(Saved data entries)
________
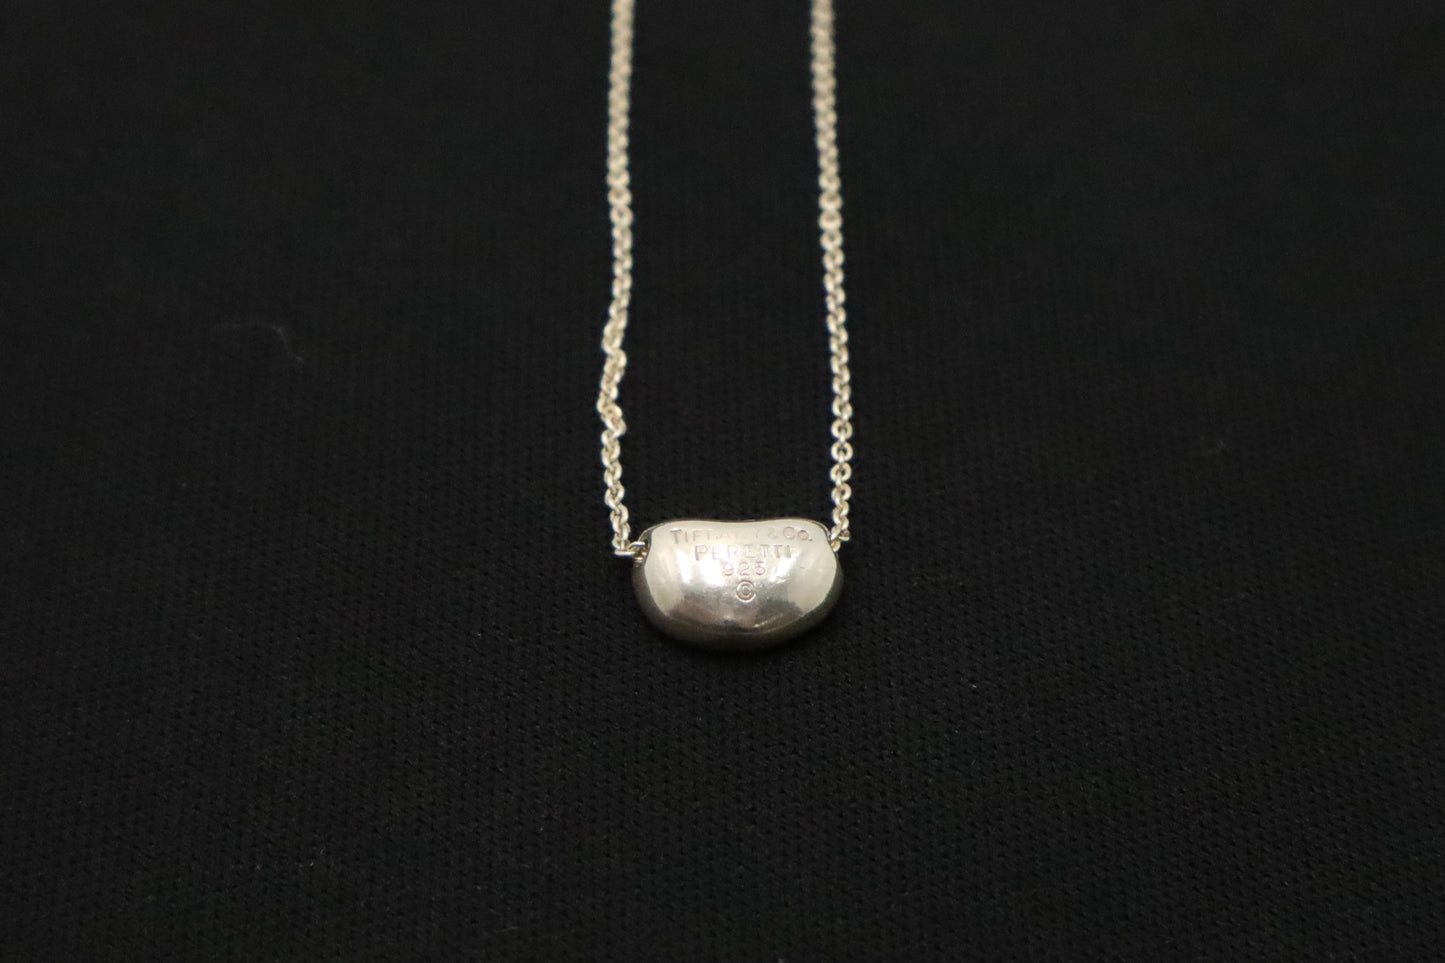 Tiffany&Co. Bean Necklace in Sterling Silver
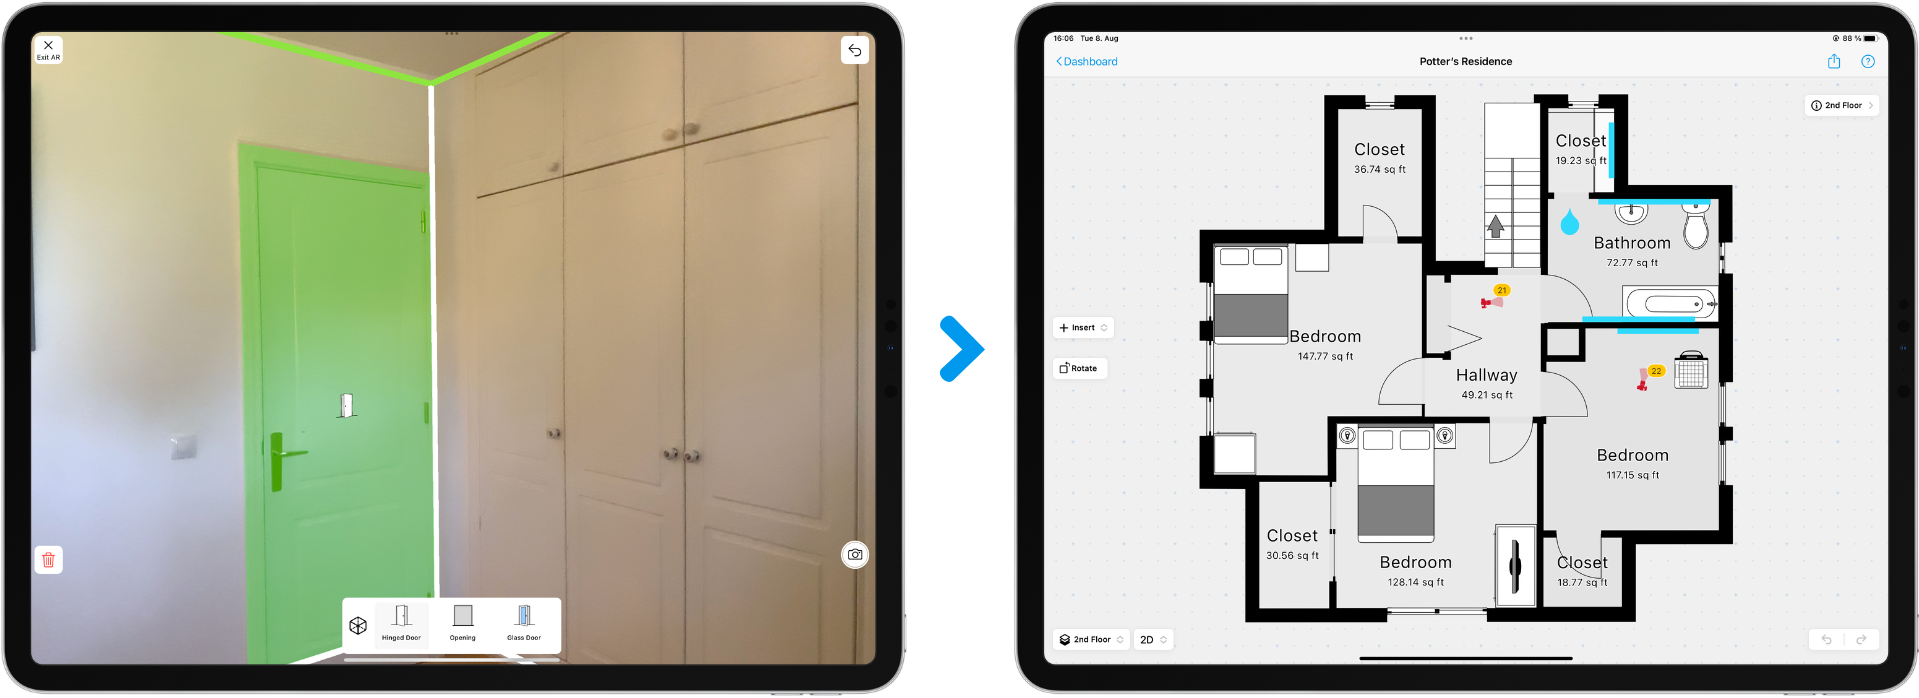 Using computer vision on an Ipad capturing a room from a claim inspection with AI magicplan AR scanning feature and a second ipad with the final result of the floor plan from the claim
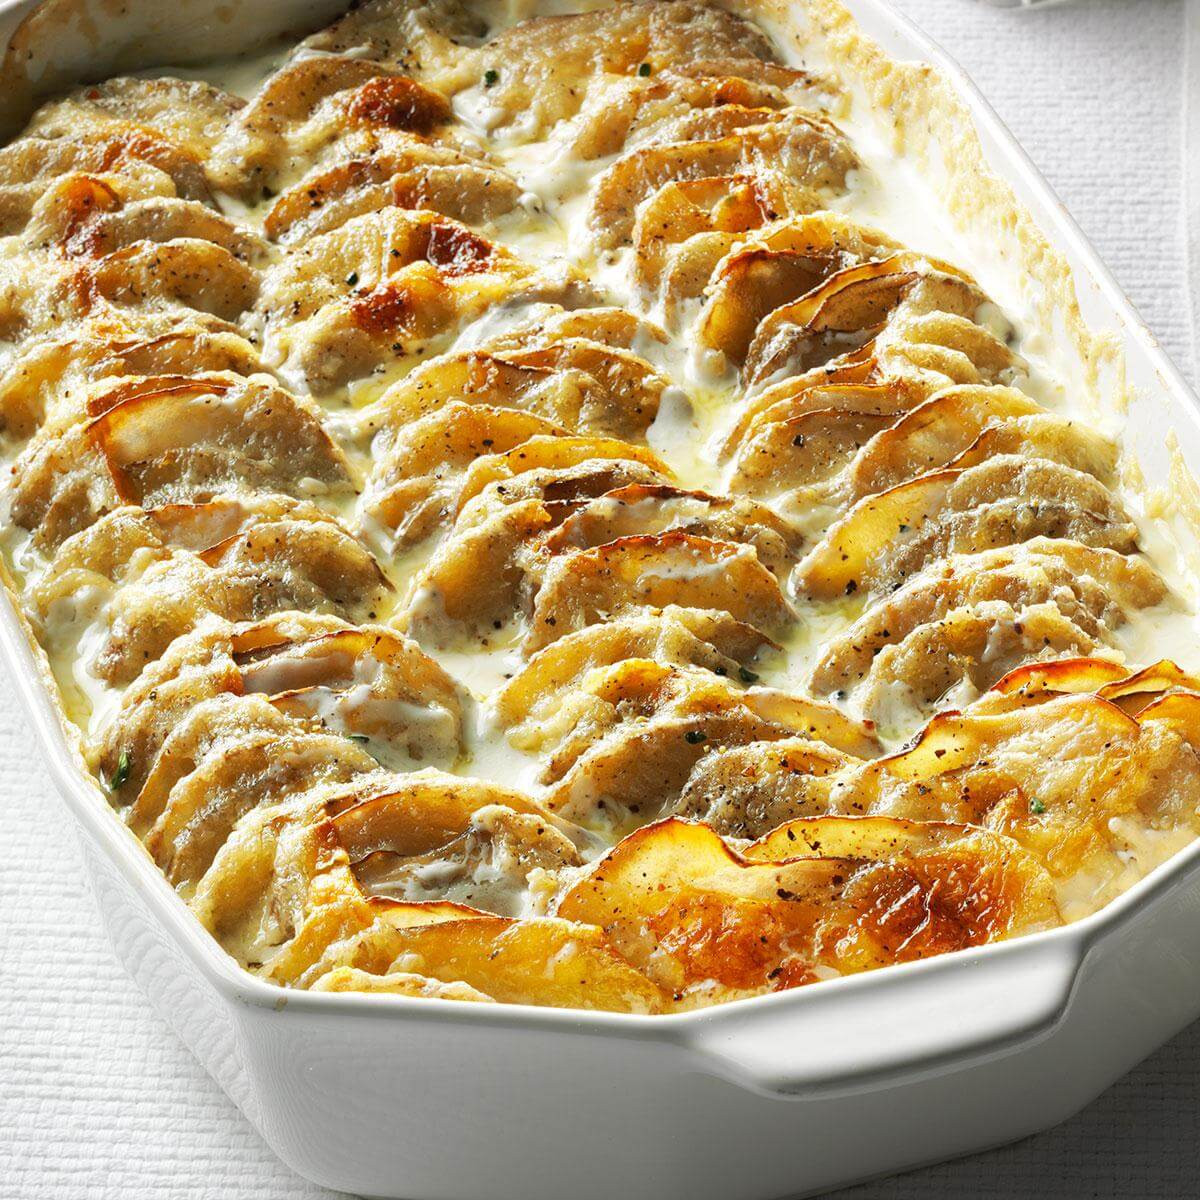 Potatoes Thanksgiving Side Dishes
 Super Simple Scalloped Potatoes Recipe
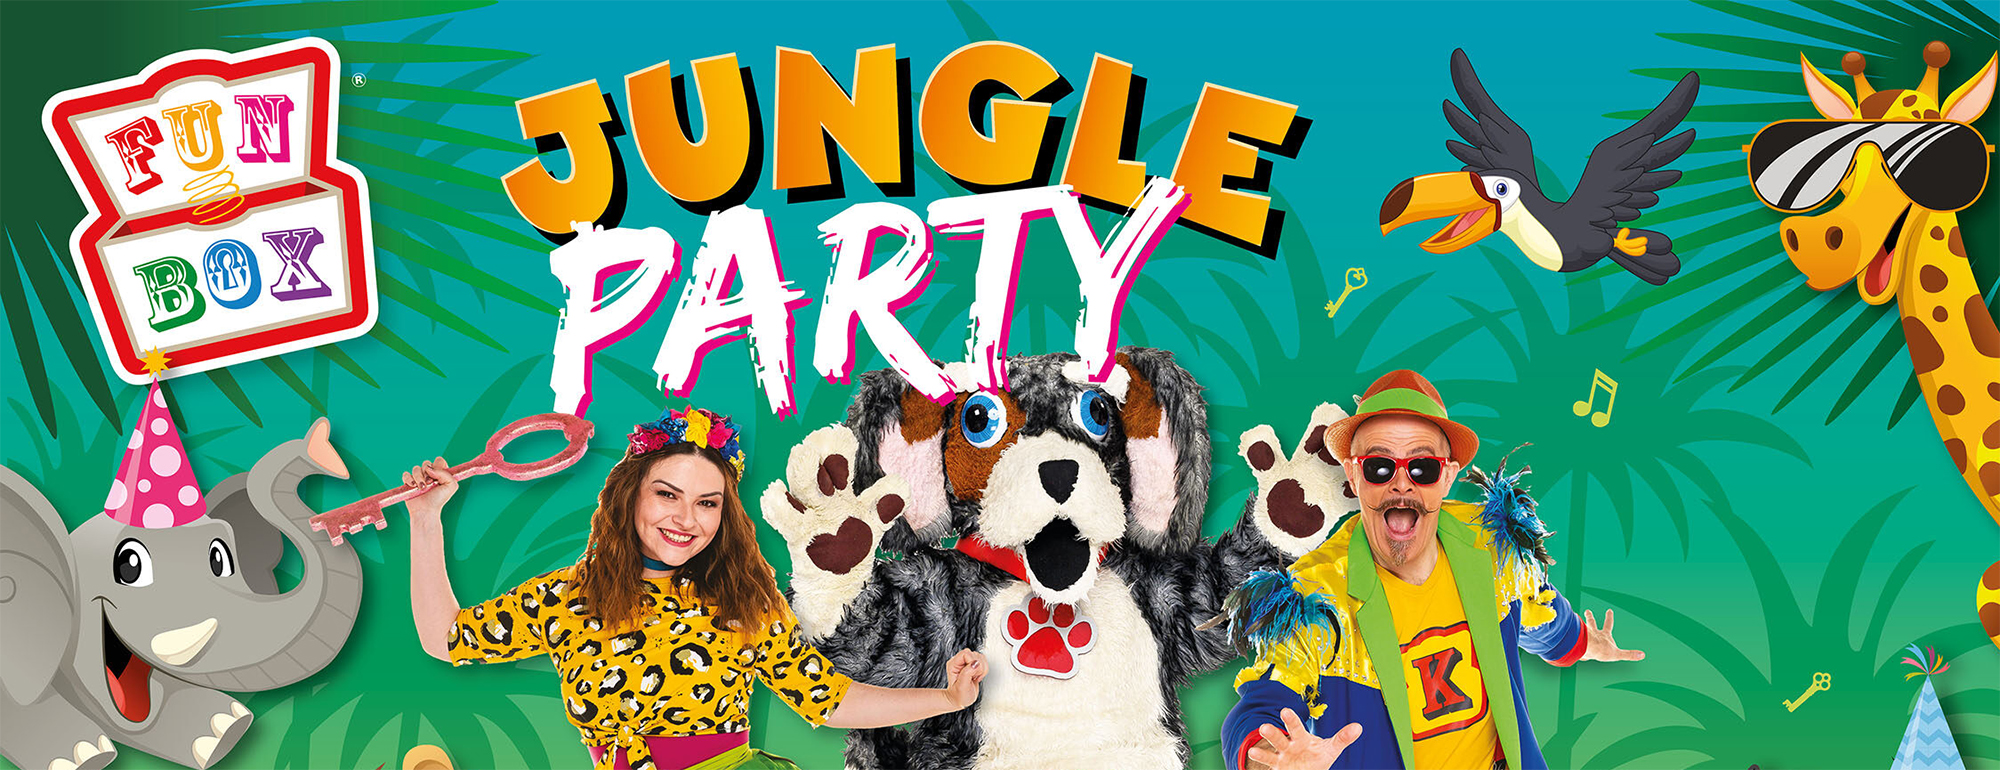 Funbox Presents: Jungle Party | Aberdeen Performing Arts
________
Once the pictures are removed, repeat all of the data above exactly.

 Tiffany&Co. Bean Necklace in Sterling Silver
 Using computer vision on an Ipad capturing a room from a claim inspection with AI magicplan AR scanning feature and a second ipad with the final result of the floor plan from the claim
 Potatoes Thanksgiving Side Dishes
 Super Simple Scalloped Potatoes Recipe
 Funbox Presents: Jungle Party | Aberdeen Performing Arts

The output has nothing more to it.